The above would only cover half of that, i.e. wouldn't prevent userspace from
getting surprised by a WB mapping.  So I think it would need to be this?

			if (mapping_type_noncacheable(vma->vm_page_prot) !=
                            !(new->flags & KVM_MEM_FORCE_CACHEABLE_PFNMAP))
				return -EINVAL;

Which I don't hate as much, but I still don't love it, as it's overly specific,
e.g. only helps with PFNMAP memory, and pushes a sanity from userspace into KVM.

Which is another complaint with this uAPI: it effectively assumes/implies PFNMAP is
device memory, but that's simply not true.  There are zero guarantees with respect
to what actually lies behind any given PFNMAP.  It could be device memory, but
it could also be regular RAM, or something in between.

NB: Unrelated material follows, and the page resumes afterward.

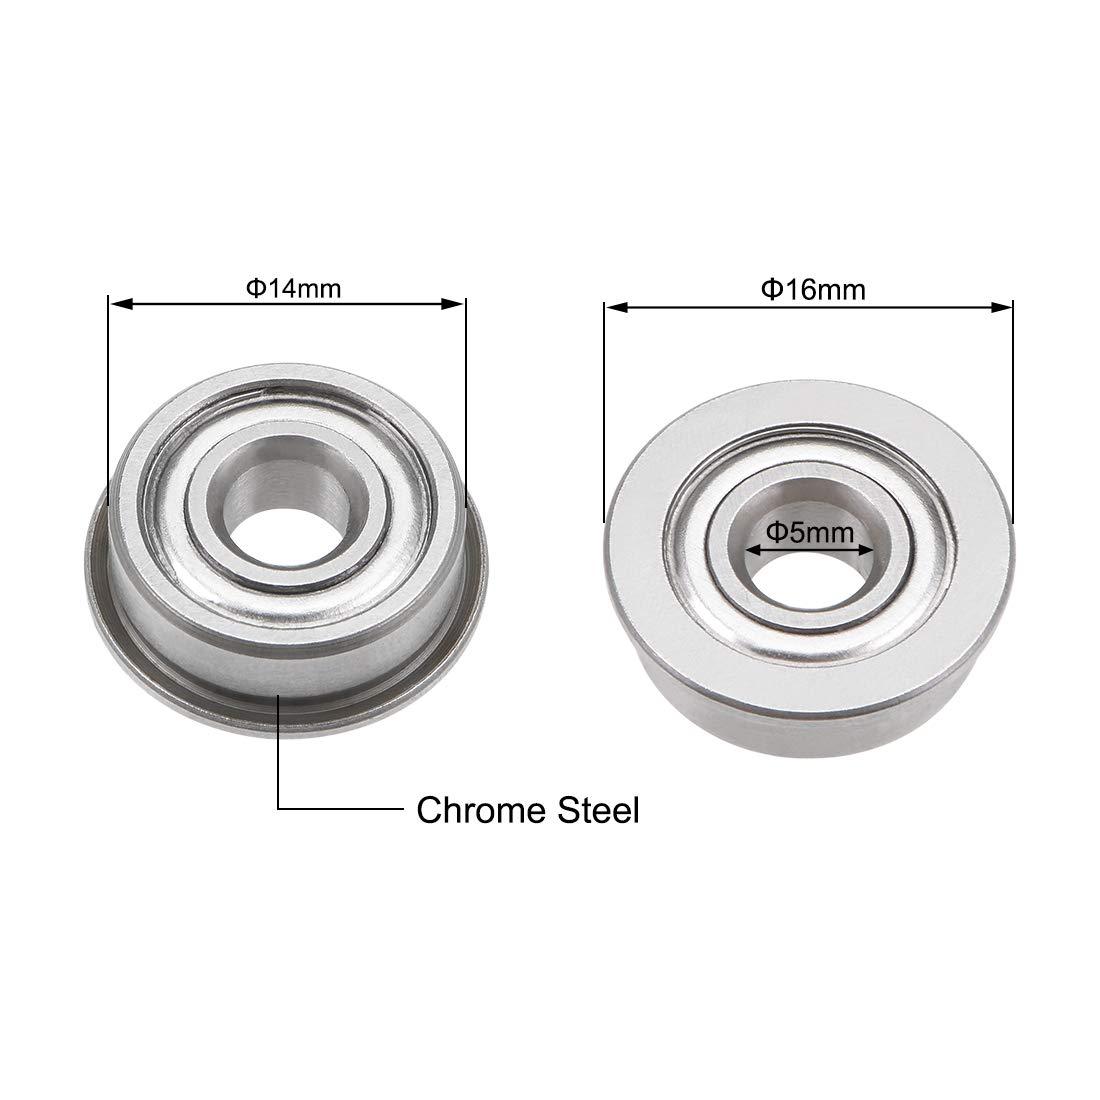 Chrome Steel Bearings 10pcs GCr15 uxcell F605ZZ Flange Ball Bearing 5x14x5mm Double Metal Shielded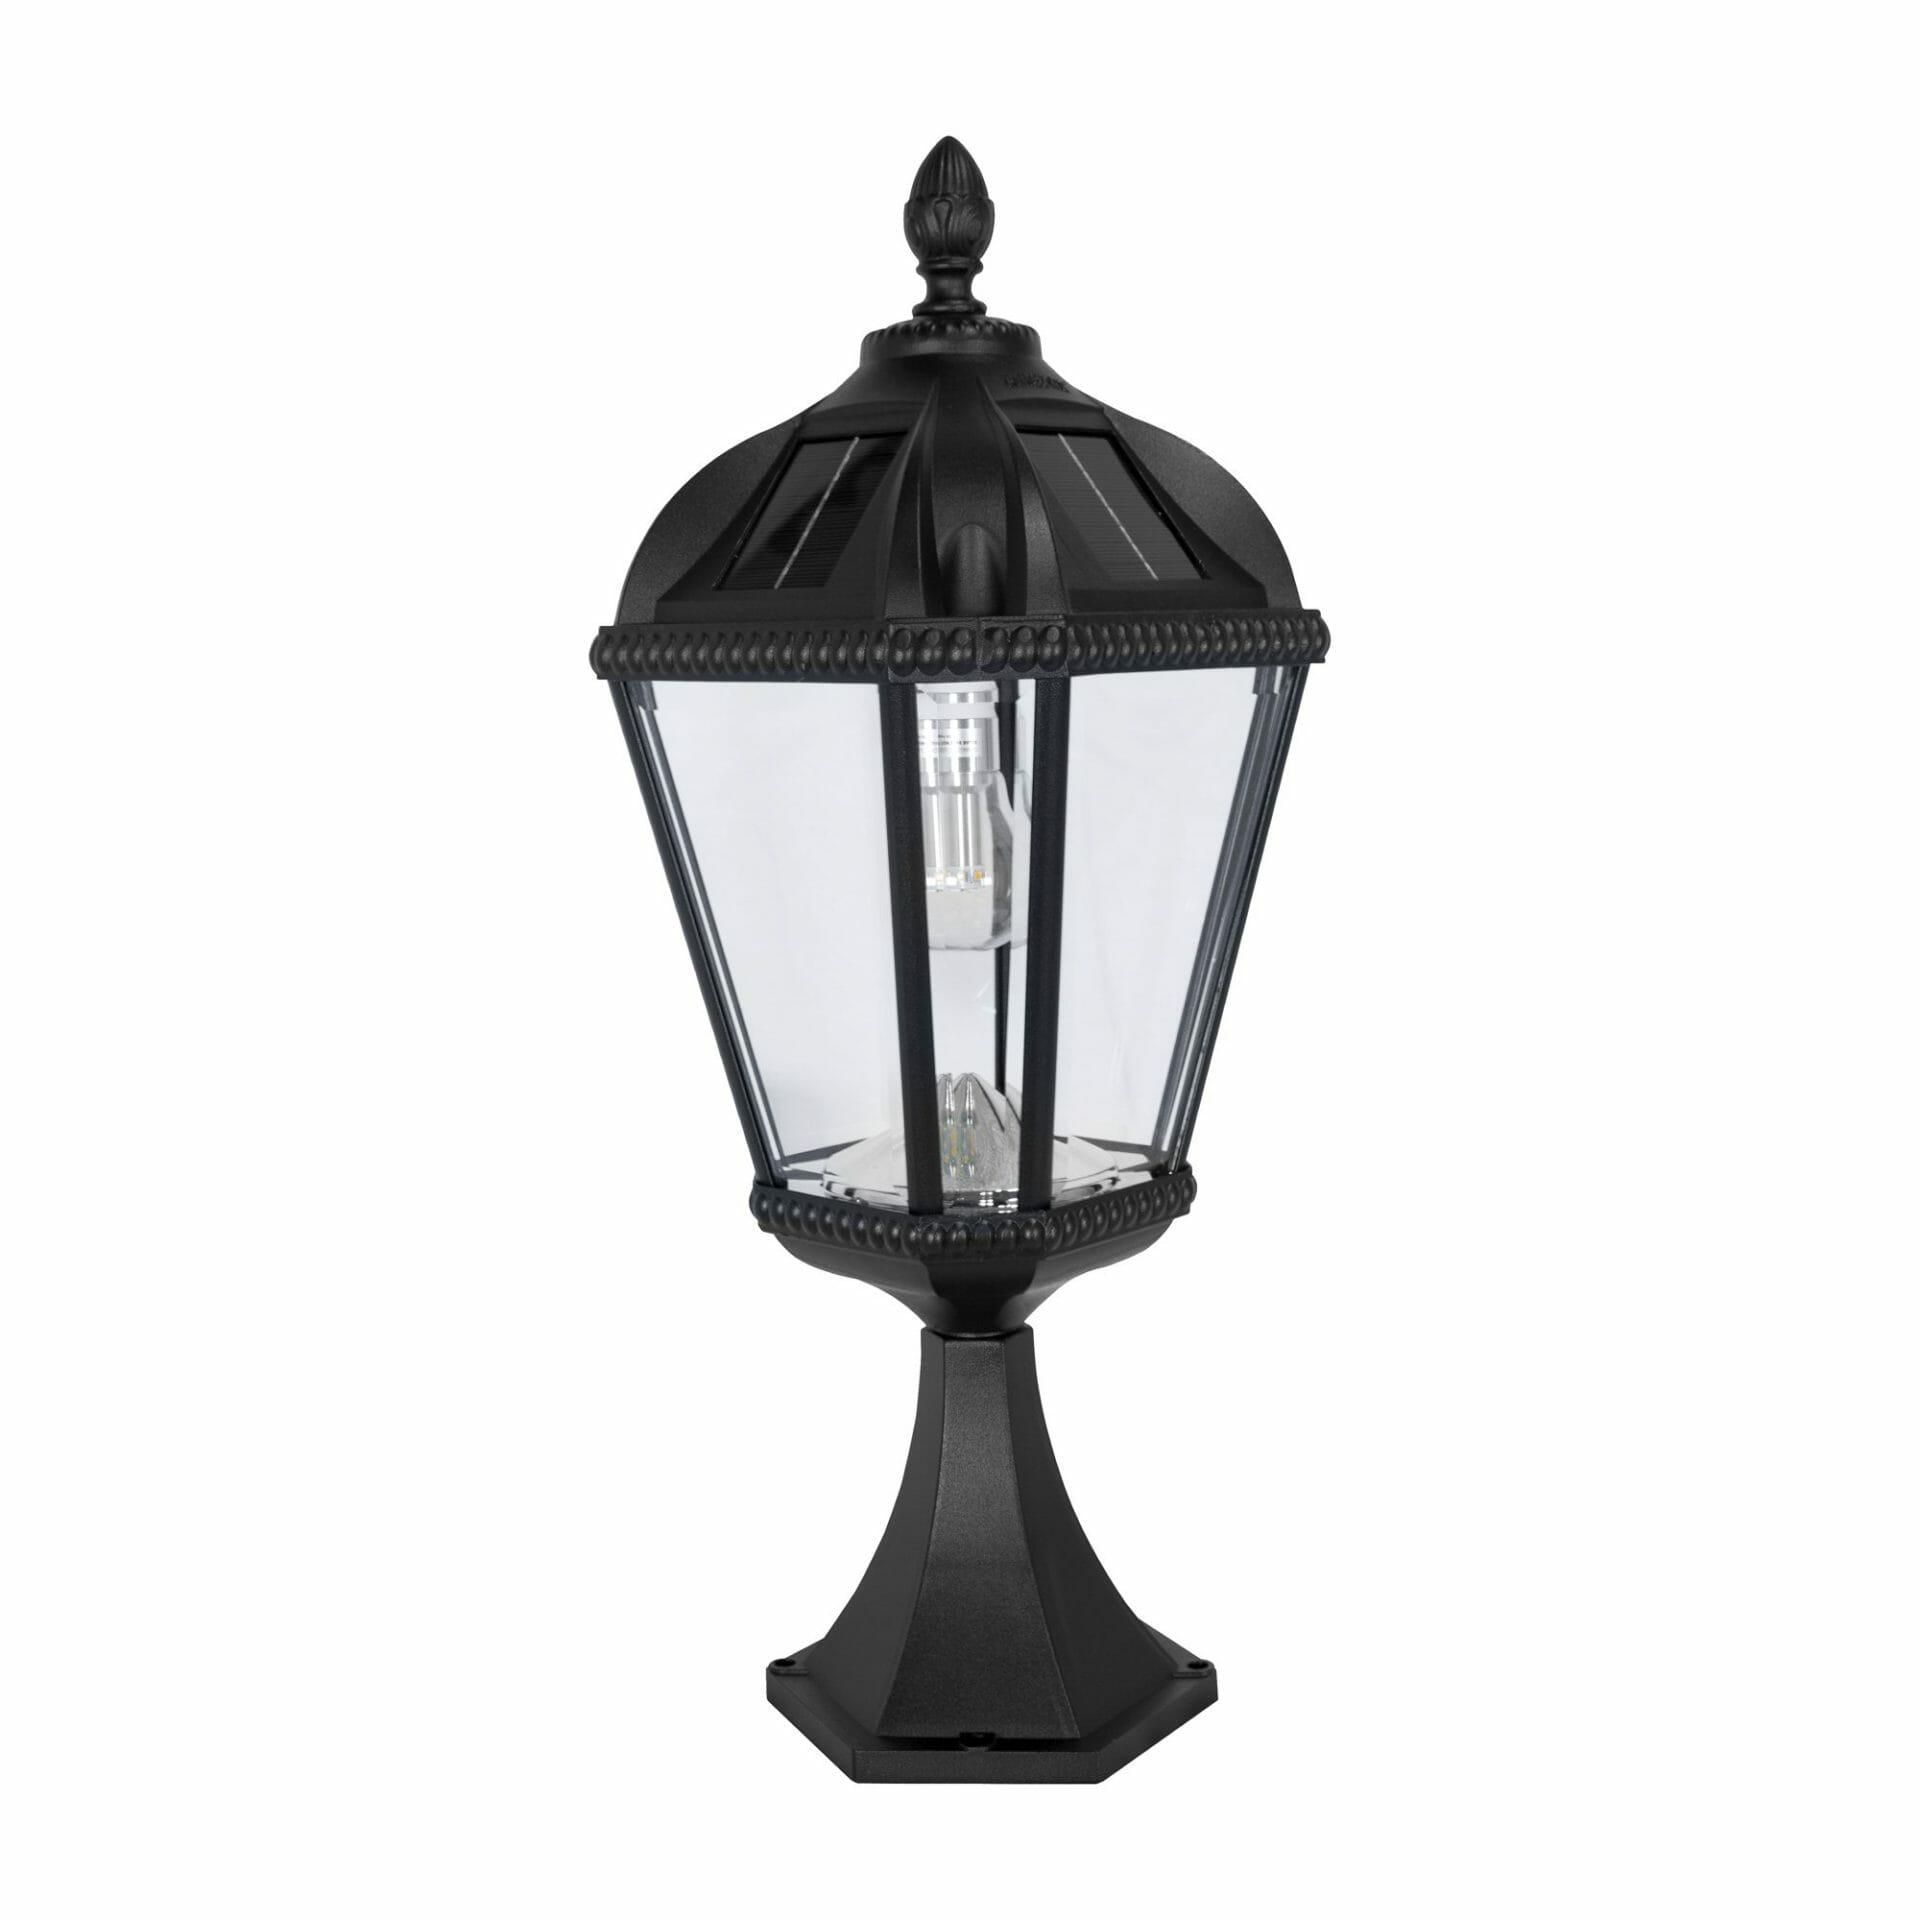 royal-bulb-pier-mount-solar-lamp-with-gs-solar-led-light-bulb-black-98b011

I would much prefer we have a way userspace query the effective memtype for a
range of memory, either for a VMA or for a KVM mapping, and let _userspace_ do
whatever sanity checks it wants.  That seems like it would be more generally
useful, and would be feasible to support on multiple architectures.  Though I'd
probably prefer to avoid even that, e.g. in favor of providing enough information
in other ways so that userspace can (somewhat easily) deduce how KVM will behave
for a giving mapping.

> > There is no easy way for VFIO to know to set it, and the kernel will
> > not allow switching a cachable VMA to non-cachable anyhow.
> 
> > So all it does is make it harder to create a memslot.
> 
> Oliver had mentioned earlier that he would still prefer a memslot flag as
> VMM should convey its intent through that flag:
>
> https://lore.kernel.org/all/aAdKCGCuwlUeUXKY@linux.dev/
> Oliver, could you please confirm if you are convinced with not having this
> flag? Can we rely on MT_NORMAL in vma mapping to convey this?

Is MT_NORMAL visable and/or controllable by userspace?